# Language Distribution Analysis

This notebook provides some samples of the requests that can be made using the *LanguageDistributionChart* class from the module '*scripts/language_distribution.py*'.

*LanguageDistributionChart* contains the following methods:
- *count_graph*: Returns the number of documents grouped by language.
- *language_percentage_distribution*: Return the distribution of French and English words inside French, English and Bilingual documents. This analysis is done under the assumption that none of these documents are 100% unilingual and allowed to define a 'bilinguism threshold' of 30% for a document to be considered 'bilingual'. These findings would be fundamental in the development of the Topic Analysis pipeline.

To execute this notebook, please start by running the initialization script below.
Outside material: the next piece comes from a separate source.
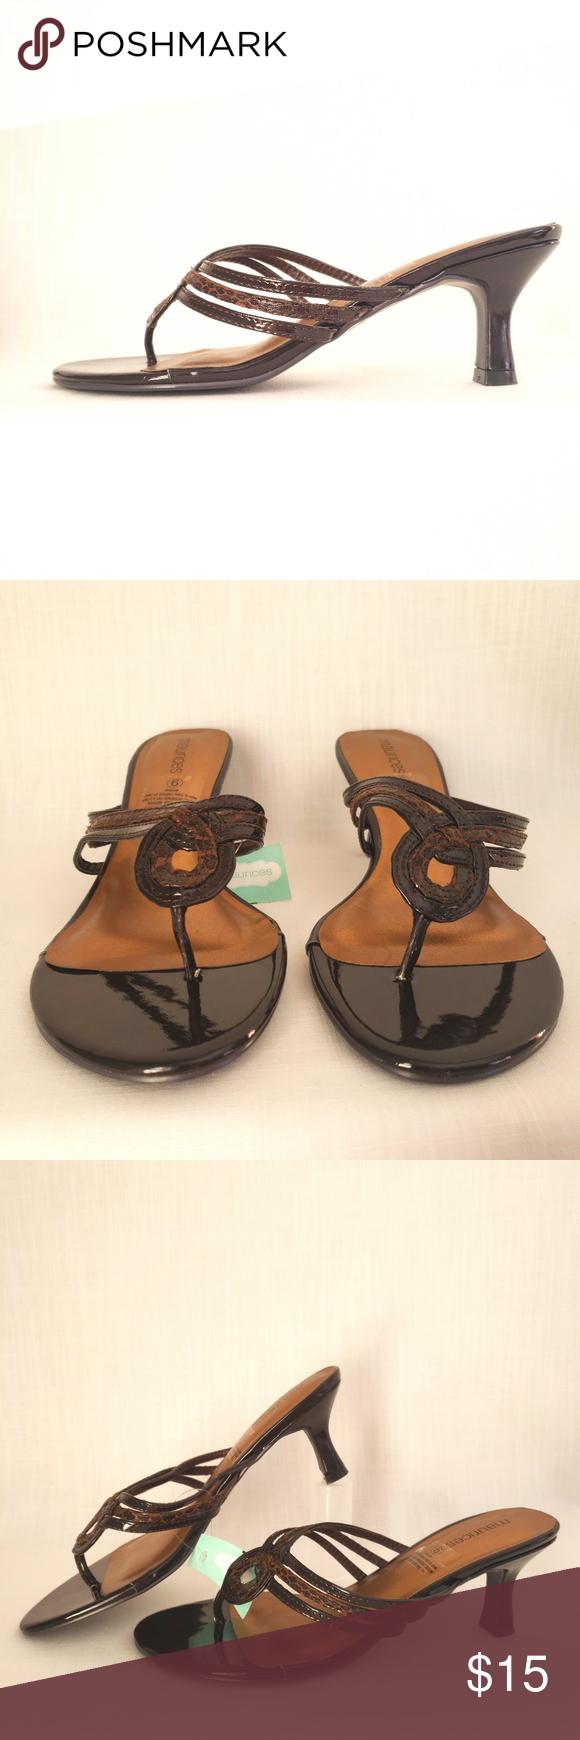 Maurice S Kitten Heel Sandal Women S Size 9 In 2020 Kitten Heel Sandals Sandals Heels Kitten Heels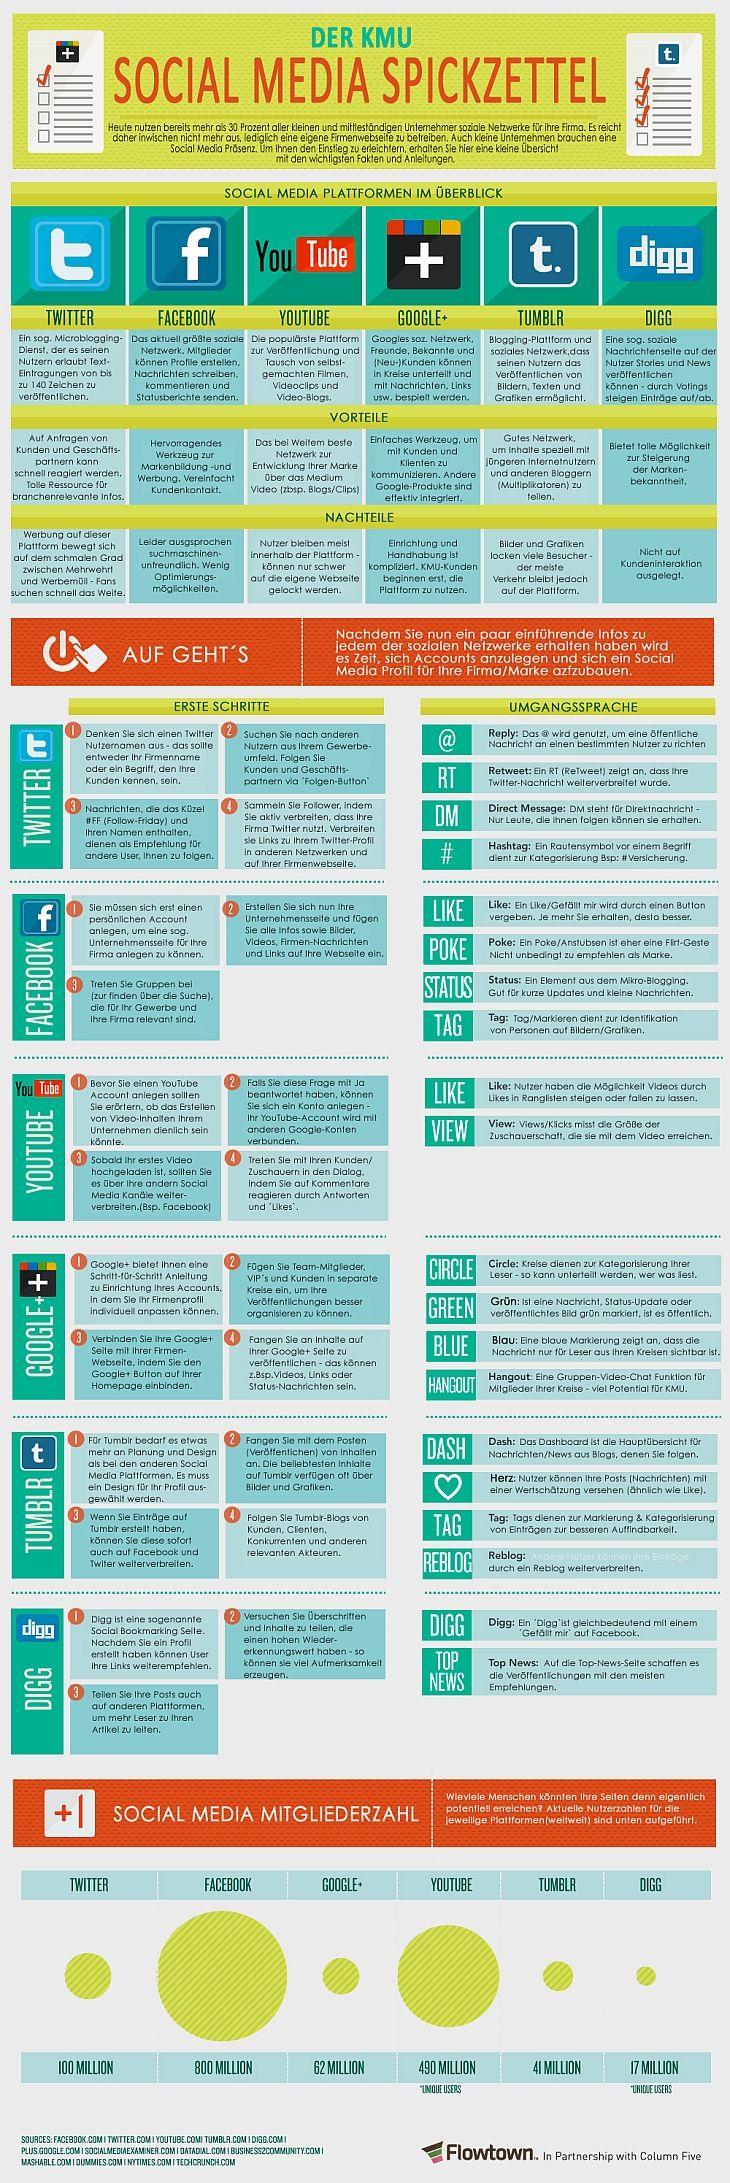 """Die Infografik """"Der KMU Social Media Spickzettel"""" führt Neulinge Schritt für Schritt in den Aufbau, die Funktionsweise und das (Fach-)Jargon der großen sozialen Netzwerke Facebook, Twitter, Youtube, Tumblr und Digg ein und bietet eine Reihe praktischer Tipps, wie man diese effektiv für das eigene Unternehmen nutzen kann."""

Then, you can run and modify the other code cells according to your needs. 

In [1]:
# Import required libraries
from pathlib import Path
from datetime import datetime
from loguru import logger

# Define constants
LOGS_DIR = Path('logs')
timestamp = datetime.now().strftime("%Y-%m-%d_%H-%M-%S")
LOGS_FILE = LOGS_DIR / f"language_distribution_{timestamp}.log"
PDF_LIST = Path('data/pdf_list.csv')
DB_PATH = Path('data/database.db')

logger.add(
    LOGS_FILE,
    rotation="1 day",
    retention="7 days",
    level="DEBUG",
    format="{time:YYYY-MM-DD at HH:mm:ss} | {level} | {message}",
)

1

In [2]:
from scripts.language_distribution import LanguageDistributionChart

chart = LanguageDistributionChart(DB_PATH)
overall_dist, detailed_analysis = chart.analyze_all()
overall_dist
detailed_analysis.describe()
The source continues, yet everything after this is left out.